DFH has benefited from the housing market, fueled by tight inventory and strong demand, despite elevated mortgage rates. The company, which specializes in affordable and customizable homes, has carved out a niche that resonates with buyers navigating higher borrowing costs.
In its latest earnings report, DFH posted solid revenue growth and improved gross margins, reflecting effective cost management and operational efficiency. Additionally, its backlog of homes—a key indicator of future revenue—remains strong, showcasing resilience amid economic uncertainty.
DFH Stock’s 3-Month Price Performance
Image Source: Zacks Investment Research
Technical Strength Drives Market Confidence for DFH Stock
DFH stock is currently trading above its 50-day and 200-day simple moving averages, a clear signal of sustained bullish momentum, as shown in the chart below. The stock has held its position above the 50-day SMA since Nov. 25, showcasing robust investor confidence in the company’s financial health and growth potential.
Image Source: Zacks Investment Research
What’s Driving Dream Finders?
DFH operates in high-growth, low-cost states that benefit from robust migration trends, aligning with population and job growth dynamics.
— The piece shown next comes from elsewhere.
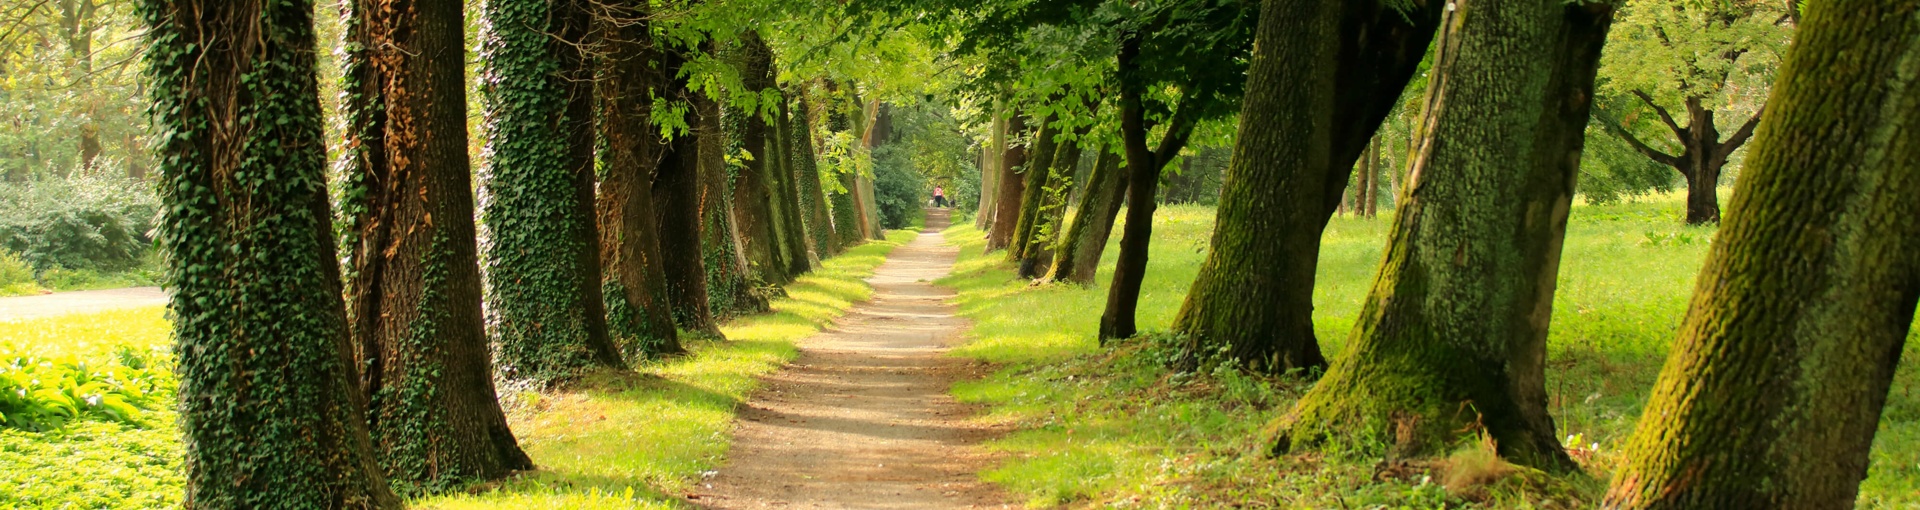 Weg mit grünen Bäumen umrandet - Baumallee im Stadtpark Güstrow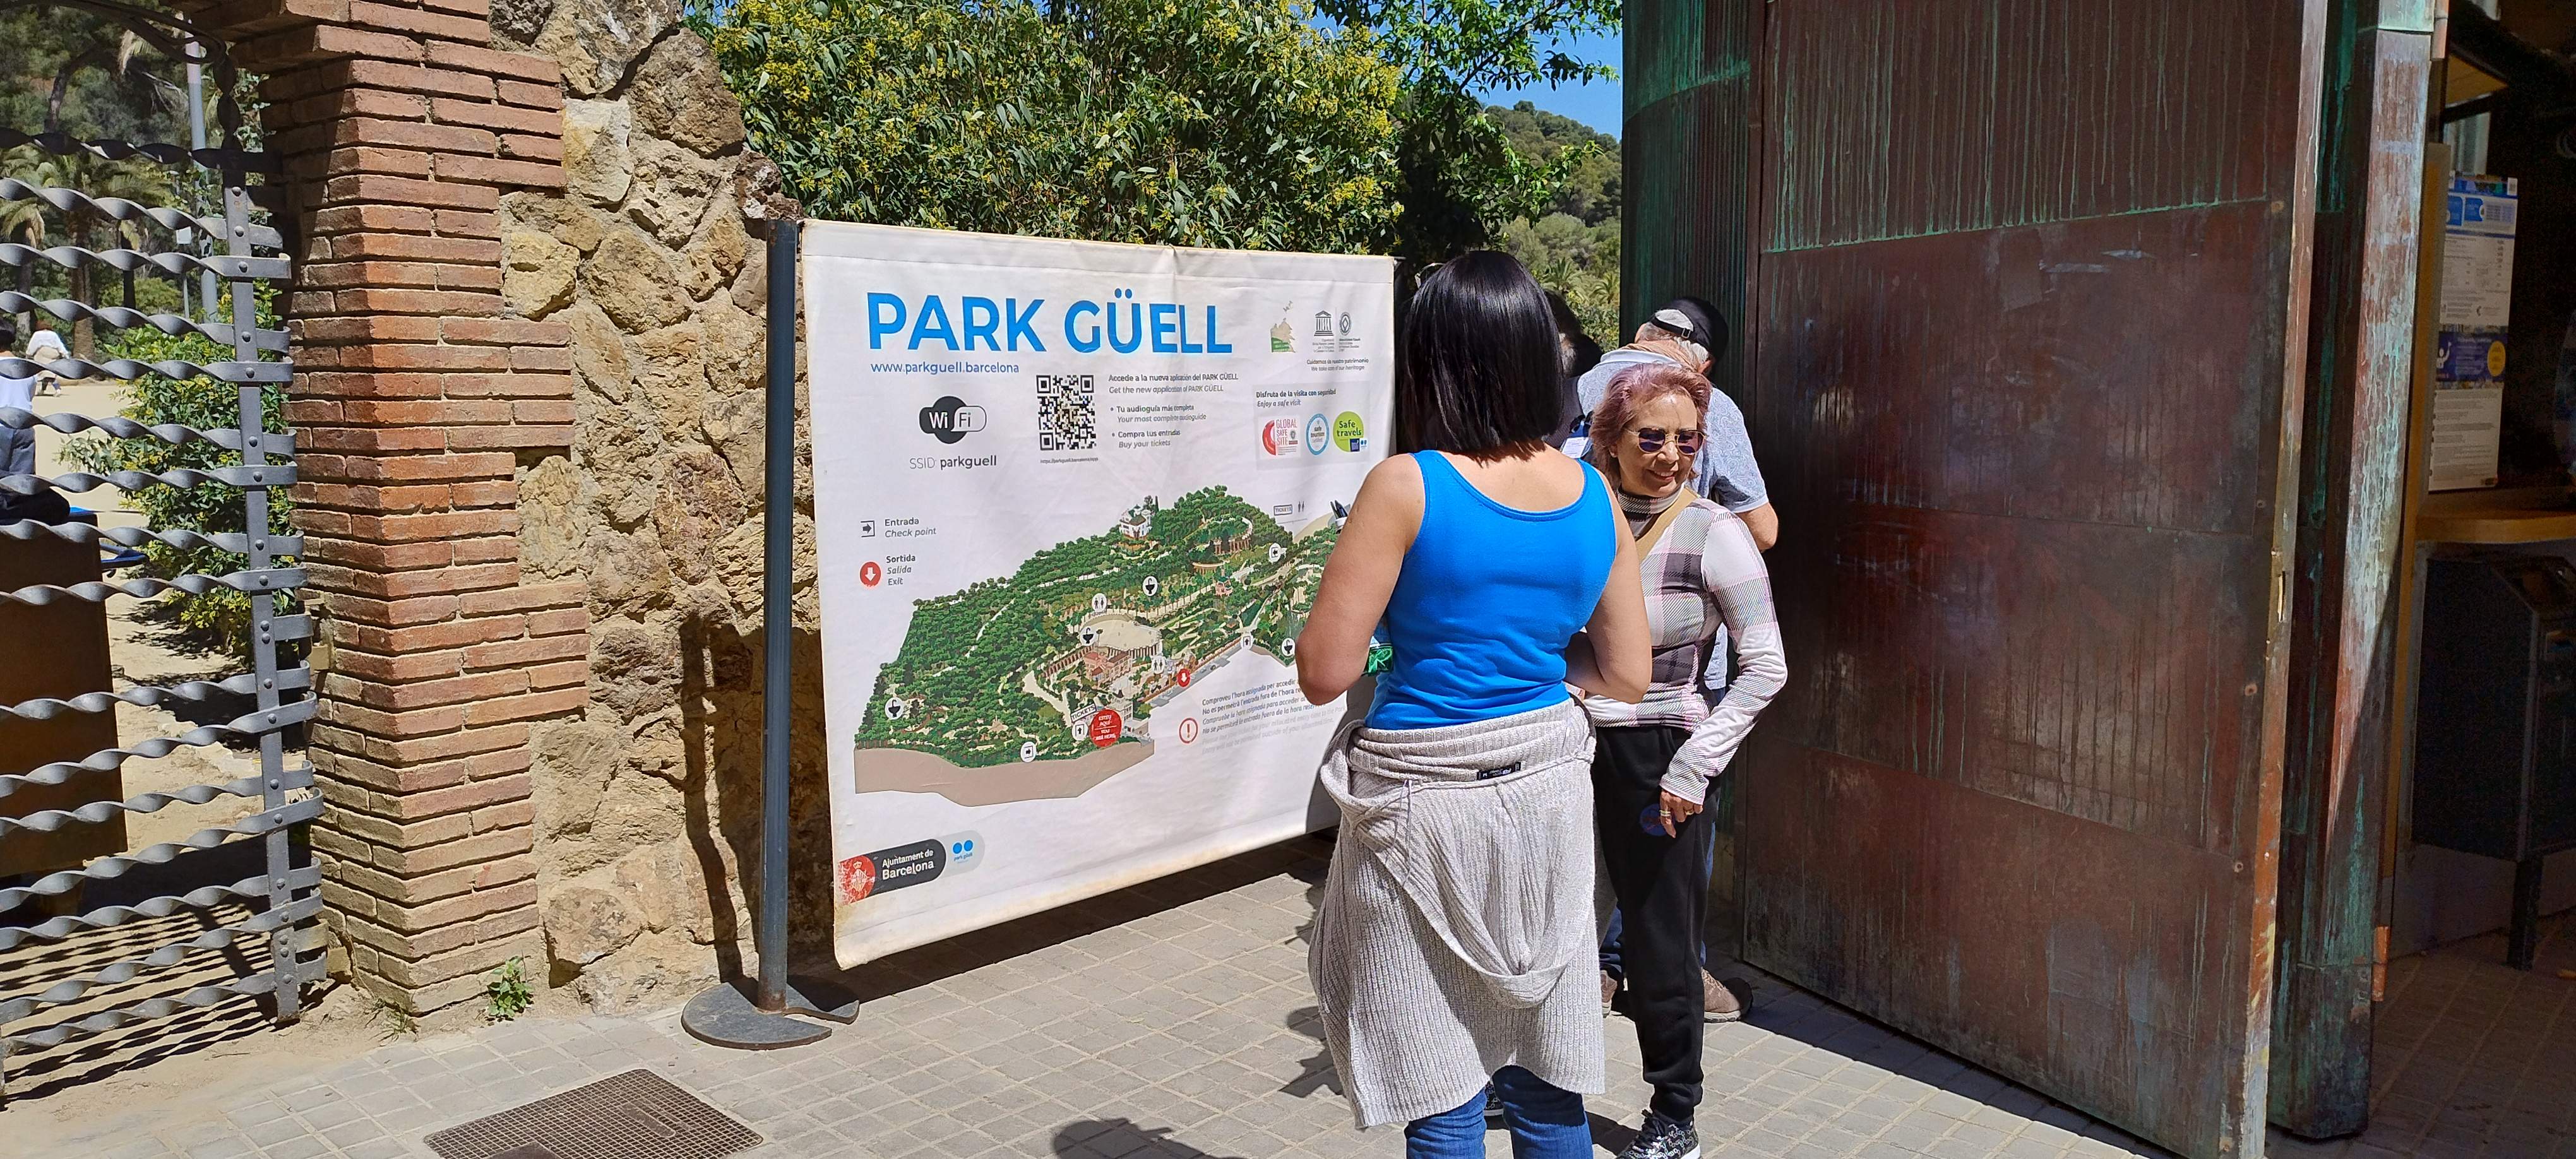 Las entradas del Park Güell se venderán exclusivamente por internet a partir del 1 de julio

Dream Finders’ Focus on Land-Light Business Model
One of Dream Finders’ key differentiators is its land-light business model, which has played a pivotal role in the company’s success and resilience in a highly cyclical homebuilding industry. Instead of tying up significant capital in land ownership, DFH focuses on securing lots through rolling takedown contracts and land banking arrangements. This allows the company to defer significant upfront costs and acquire lots on an as-needed basis just before starting construction.
The company uses rolling takedown contracts with third-party developers and land banks to minimize risk and maintain quickness. This allows flexibility in market corrections and reduces the burden of land mispricing. This strategy is reflected in its homebuilding revenues and closings, which grew 10% and 8%, respectively, compared with the first nine months of 2024 and 2023.
It also conducts cost-effective lot acquisition strategy to drive growth. As of Sept. 30, 2024, DFH's lot deposits for the finished lot option and land bank option contracts were $368 million. As of Sept. 30, 2024, the company controlled 44,825, under finished lot option and land bank option contracts.
DFH’s Market Position
This homebuilder operates in high-growth, low-cost states (e.g., Florida, Texas, Tennessee), benefiting from interstate migration. These regions often outperform during housing booms and are less sensitive to national slowdowns. Notably, 77% of total U.S. migration occurs in states where DFH operates.
Strategic Acquisitions of Dream Finders
Acquisitions allowed DFH to penetrate high-growth markets, such as Texas, Florida, and the Carolinas, enabling market dominance in regions with strong housing demand. They introduced established market positions and immediate revenue contributions, as evidenced by growth from $744 million in 2019 (post-Village Park acquisition) to $1,134 million in 2020 and $1,924 million in 2021 (post-H&H Homes and Century Homes acquisitions).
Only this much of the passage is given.